### WHAT THE EXERCISE ASKS
The lines below, from the one holding "This Disney-inspired castle" through the one holding "Rael Skin Care, Cleansing", are to be restated word for word, with all images left out.

### DATA EXCERPTS
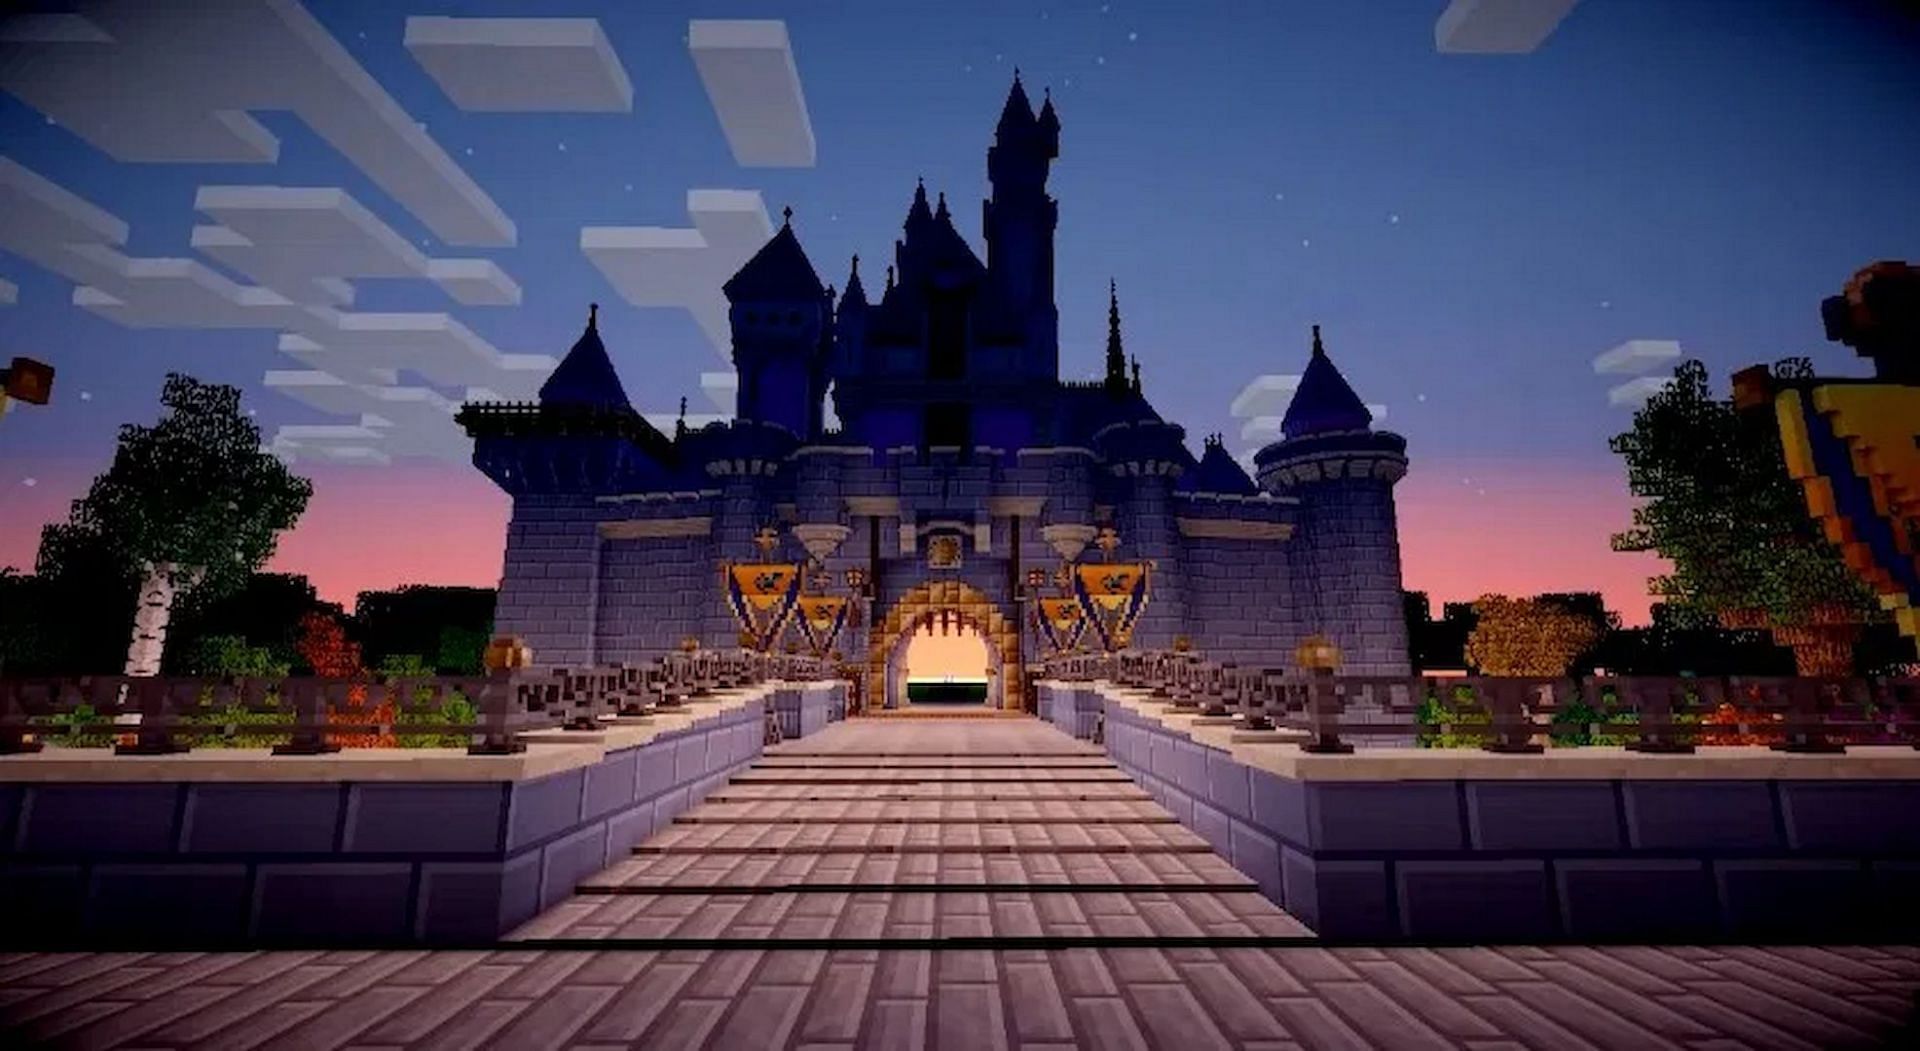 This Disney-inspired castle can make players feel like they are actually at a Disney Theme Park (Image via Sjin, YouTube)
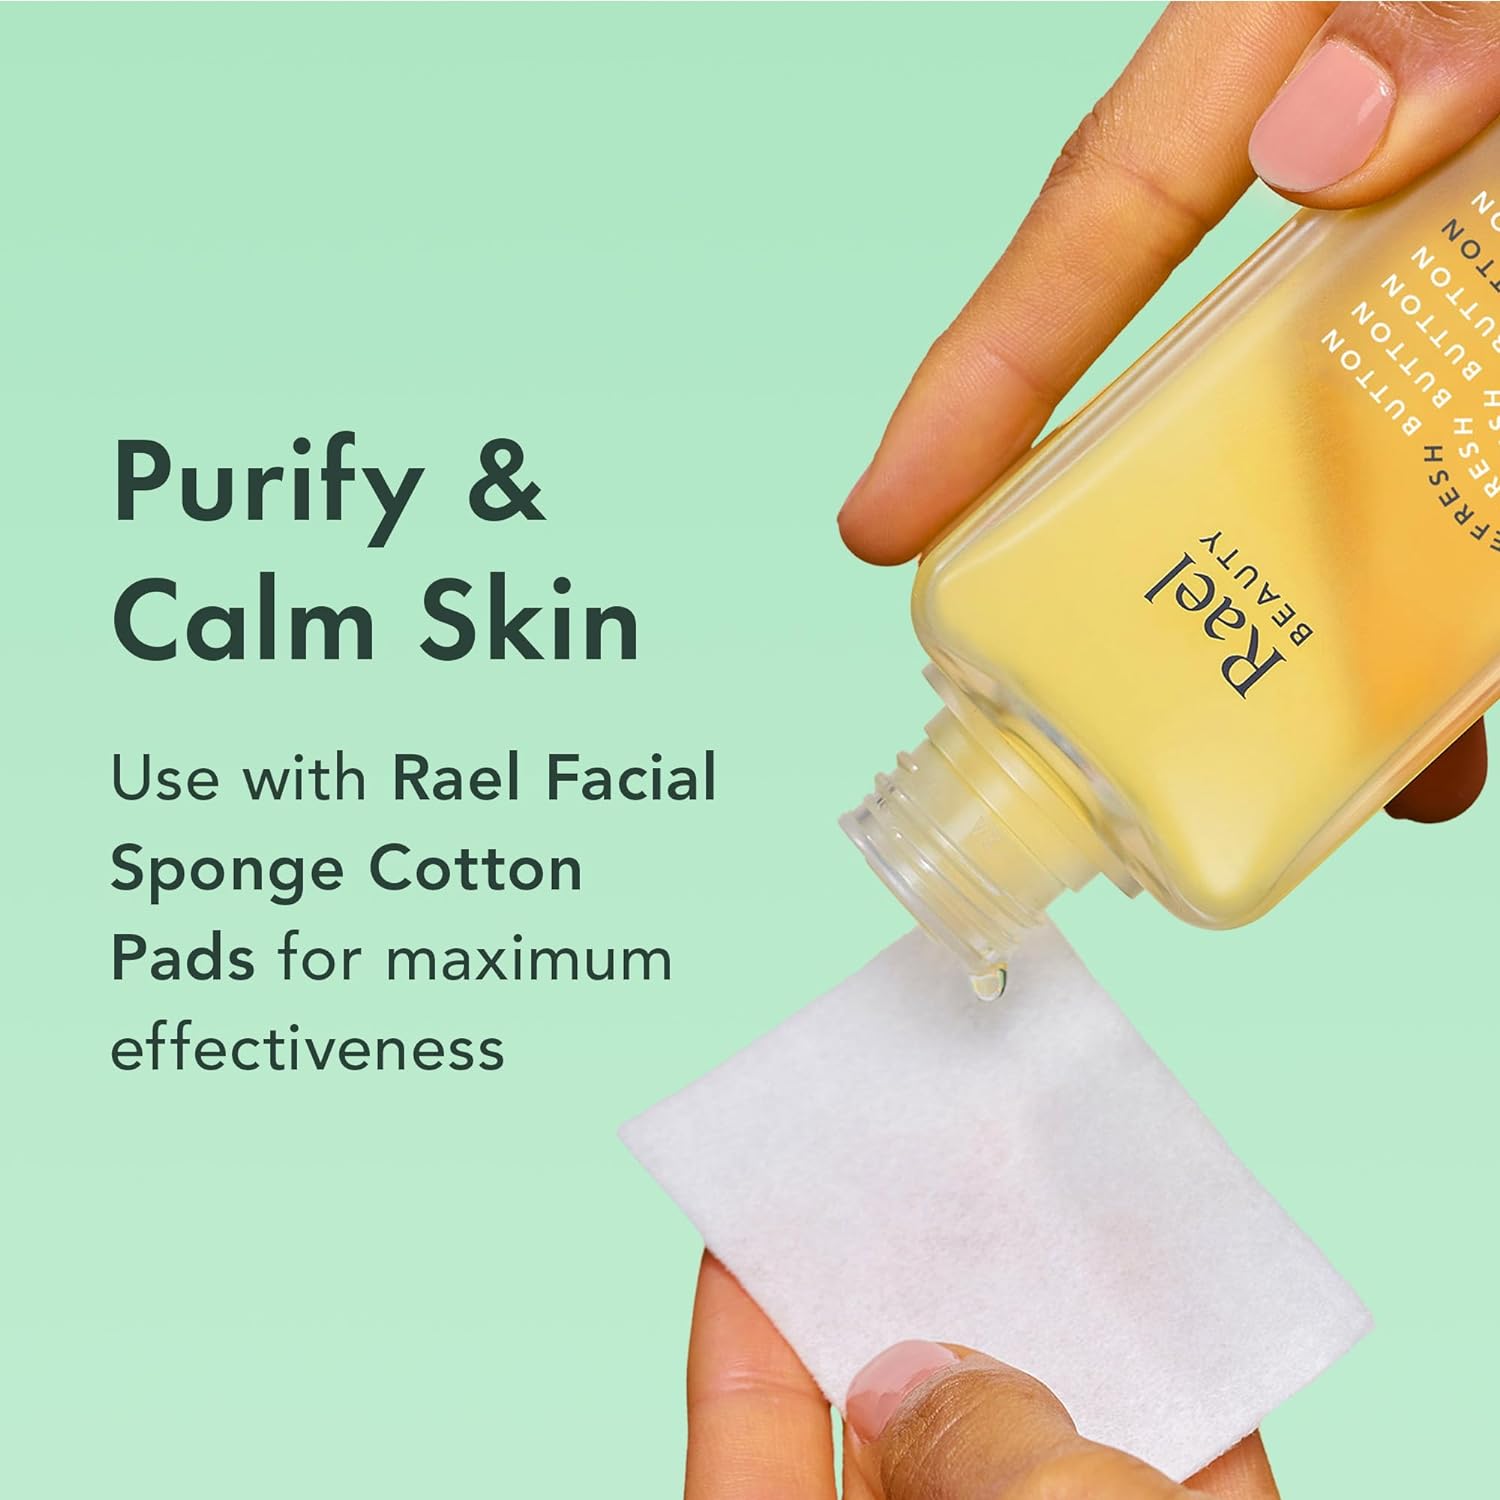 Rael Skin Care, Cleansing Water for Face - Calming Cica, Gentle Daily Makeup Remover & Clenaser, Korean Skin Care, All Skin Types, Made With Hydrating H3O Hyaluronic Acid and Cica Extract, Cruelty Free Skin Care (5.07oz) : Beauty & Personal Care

---

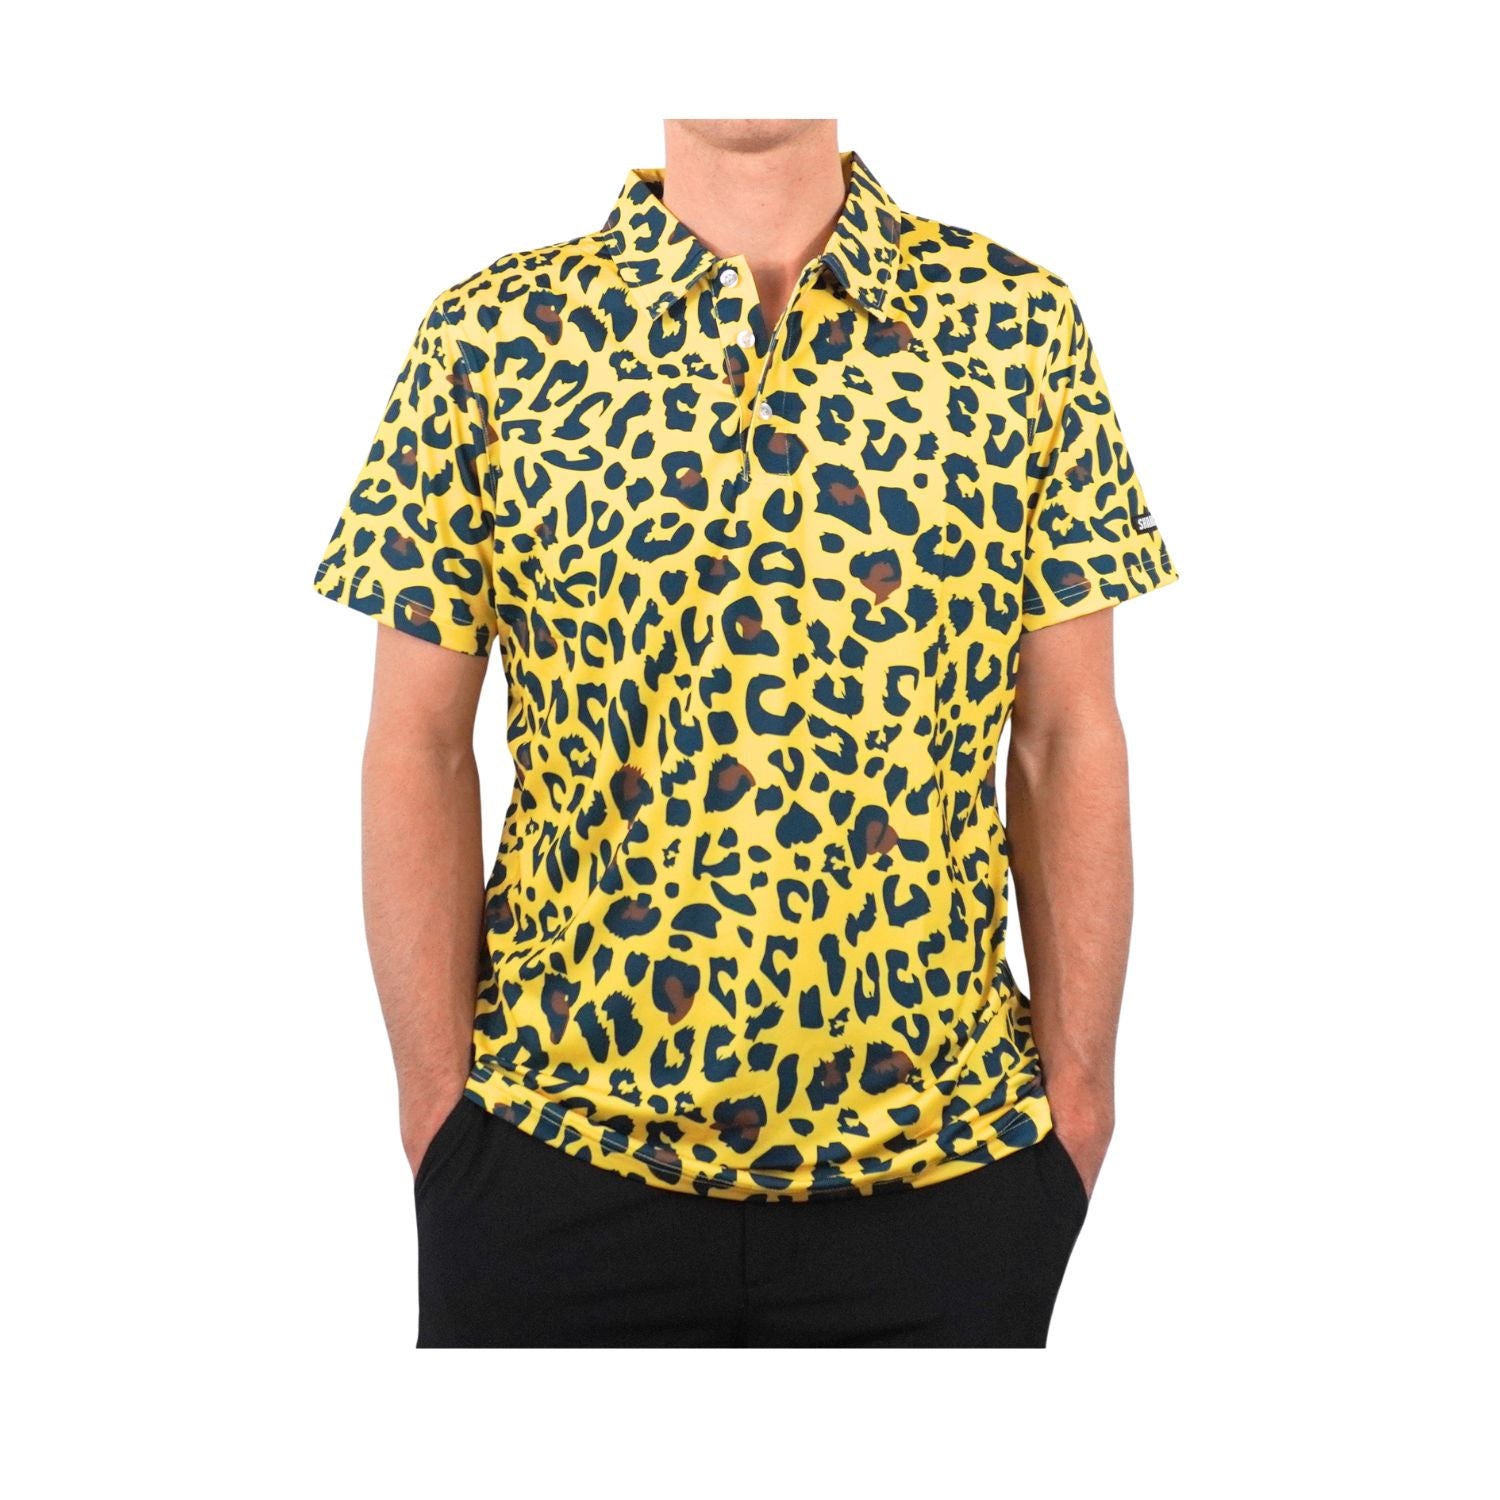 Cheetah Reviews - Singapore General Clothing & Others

...

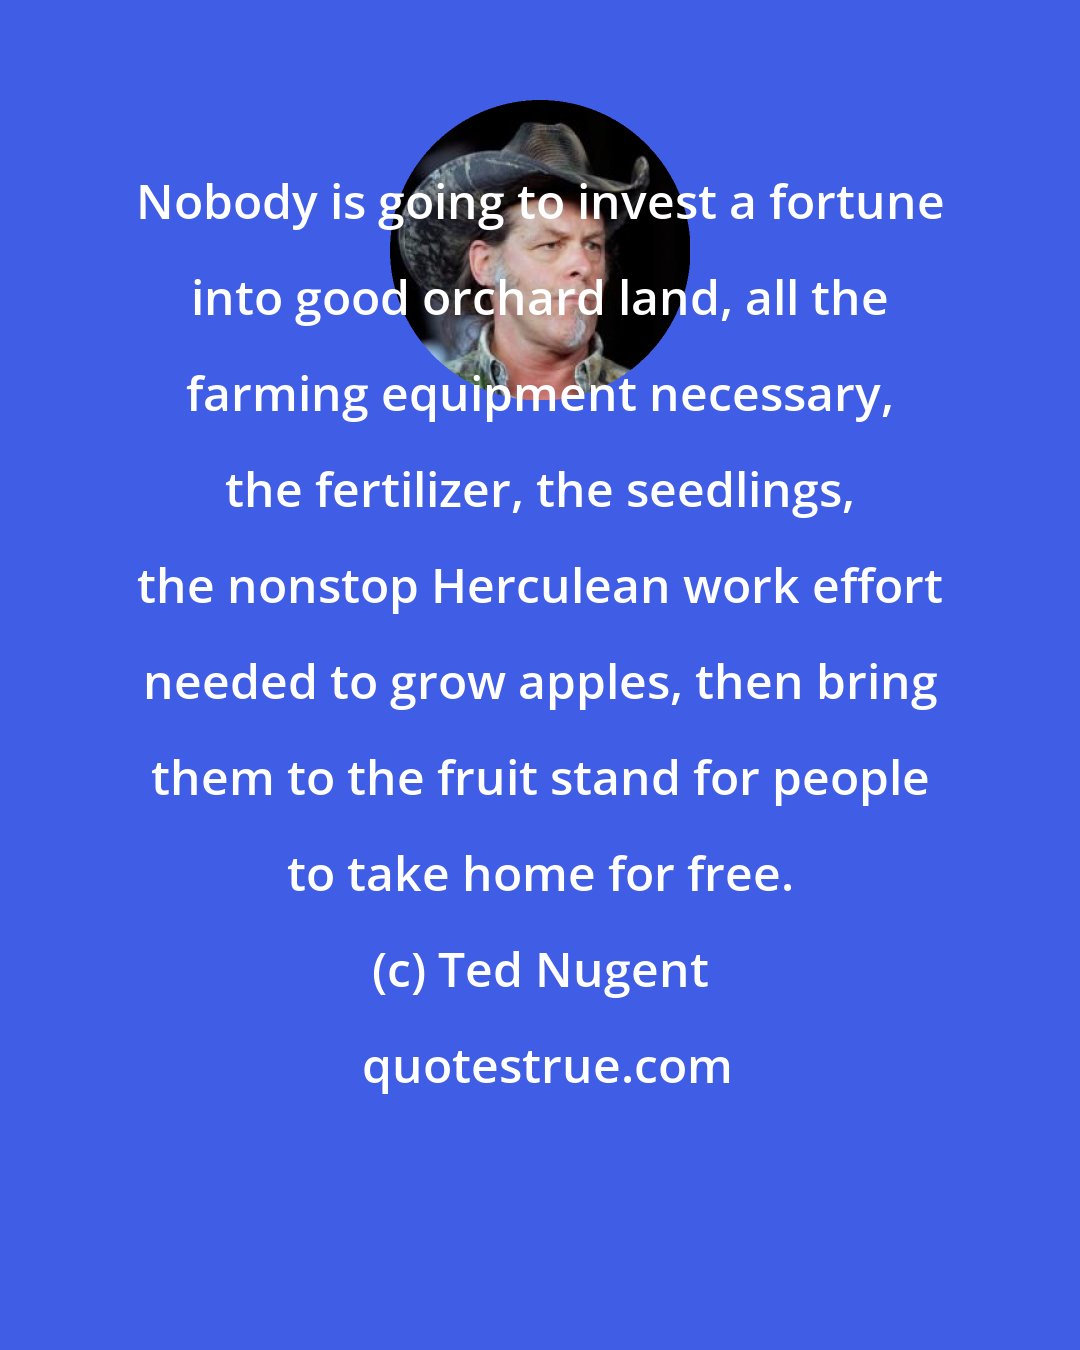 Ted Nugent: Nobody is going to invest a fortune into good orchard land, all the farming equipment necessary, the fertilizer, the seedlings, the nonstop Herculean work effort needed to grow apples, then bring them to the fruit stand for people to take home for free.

### RESULT OF THE TASK
 This Disney-inspired castle can make players feel like they are actually at a Disney Theme Park (Image via Sjin, YouTube)
 Rael Skin Care, Cleansing Water for Face - Calming Cica, Gentle Daily Makeup Remover & Clenaser, Korean Skin Care, All Skin Types, Made With Hydrating H3O Hyaluronic Acid and Cica Extract, Cruelty Free Skin Care (5.07oz) : Beauty & Personal Care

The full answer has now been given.